Now, we'll create and train a Neural Machine Translation (NMT) model. Since there is a significant number of hyperparameters, we'll use the default ones, specified in the config.py file. Note that almost every hardcoded parameter is automatically set from config if we run main.py.
We'll create the so-called 'GroundHogModel'. It is defined in the model_zoo.py file. See the neural_machine_translation.pdf for an overview of such system.
If you followed the notebook 1_dataset_tutorial.ipynb, you should have a dataset instance.
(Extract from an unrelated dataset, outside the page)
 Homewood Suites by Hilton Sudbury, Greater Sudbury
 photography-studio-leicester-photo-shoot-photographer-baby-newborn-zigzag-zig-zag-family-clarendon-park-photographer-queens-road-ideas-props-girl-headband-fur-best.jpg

Otherwise, you should follow that notebook first.
First, we'll make some imports, load the default parameters and load the dataset.
In [8]:
from config import load_parameters
from model_zoo import TranslationModel
import utils
from keras_wrapper.cnn_model import loadModel
from keras_wrapper.dataset import loadDataset
from keras_wrapper.extra.callbacks import PrintPerformanceMetricOnEpochEndOrEachNUpdates
params = load_parameters()
dataset = loadDataset('datasets/Dataset_tutorial_dataset.pkl')
Since the number of words in the dataset may be unknown beforehand, we must update the params information according to the dataset instance:
In [2]:
params['INPUT_VOCABULARY_SIZE'] = dataset.vocabulary_len['source_text']
params['OUTPUT_VOCABULARY_SIZE'] = dataset.vocabulary_len['target_text']
Now, we create a TranslationModel instance:
In [4]:
nmt_model = TranslationModel(params,
model_type='GroundHogModel',
model_name='tutorial_model',
vocabularies=dataset.vocabulary,
store_path='trained_models/tutorial_model/',
verbose=True)
Now, we must define the inputs and outputs mapping from our Dataset instance to our model
In [6]:
inputMapping = dict()
for i, id_in in enumerate(params['INPUTS_IDS_DATASET']):
pos_source = dataset.ids_inputs.index(id_in)
id_dest = nmt_model.ids_inputs[i]
inputMapping[id_dest] = pos_source
nmt_model.setInputsMapping(inputMapping)
outputMapping = dict()
for i, id_out in enumerate(params['OUTPUTS_IDS_DATASET']):
pos_target = dataset.ids_outputs.index(id_out)
id_dest = nmt_model.ids_outputs[i]
outputMapping[id_dest] = pos_target
nmt_model.setOutputsMapping(outputMapping)
We can add some callbacks for controlling the training (e.g. Sampling each N updates, early stop, learning rate annealing...). For instance, let's build an Early-Stop callback. After each 2 epochs, it will compute the 'coco' scores on the development set. If the metric 'Bleu_4' doesn't improve during more than 5 checkings, it will stop. We need to pass some variables to the callback (in the extra_vars dictionary):
In [10]:
extra_vars = {'language': 'en',
'n_parallel_loaders': 8,
'tokenize_f': eval('dataset.' + 'tokenize_none'),
'beam_size': 12,
'maxlen': 50,
'model_inputs': ['source_text', 'state_below'],
'model_outputs': ['target_text'],
'dataset_inputs': ['source_text', 'state_below'],
'dataset_outputs': ['target_text'],
'normalize': True,
'alpha_factor': 0.6,
'val': {'references': dataset.extra_variables['val']['target_text']}
}
vocab = dataset.vocabulary['target_text']['idx2words']
callbacks = []
callbacks.append(PrintPerformanceMetricOnEpochEndOrEachNUpdates(nmt_model,
dataset,
gt_id='target_text',
metric_name=['coco'],
set_name=['val'],
batch_size=50,
each_n_epochs=2,
extra_vars=extra_vars,
reload_epoch=0,
is_text=True,
index2word_y=vocab,
sampling_type='max_likelihood',
beam_search=True,
save_path=nmt_model.model_path,
start_eval_on_epoch=0,
write_samples=True,
write_type='list',
verbose=True))
Now we are almost ready to train. We set up some training parameters...
In [11]:
training_params = {'n_epochs': 100,
'batch_size': 40,
'maxlen': 30,
'epochs_for_save': 1,
'verbose': 0,
'eval_on_sets': [],
'n_parallel_loaders': 8,
'extra_callbacks': callbacks,
'reload_epoch': 0,
'epoch_offset': 0}
And train!
In [ ]:
nmt_model.trainNet(dataset, training_params)
In [ ]: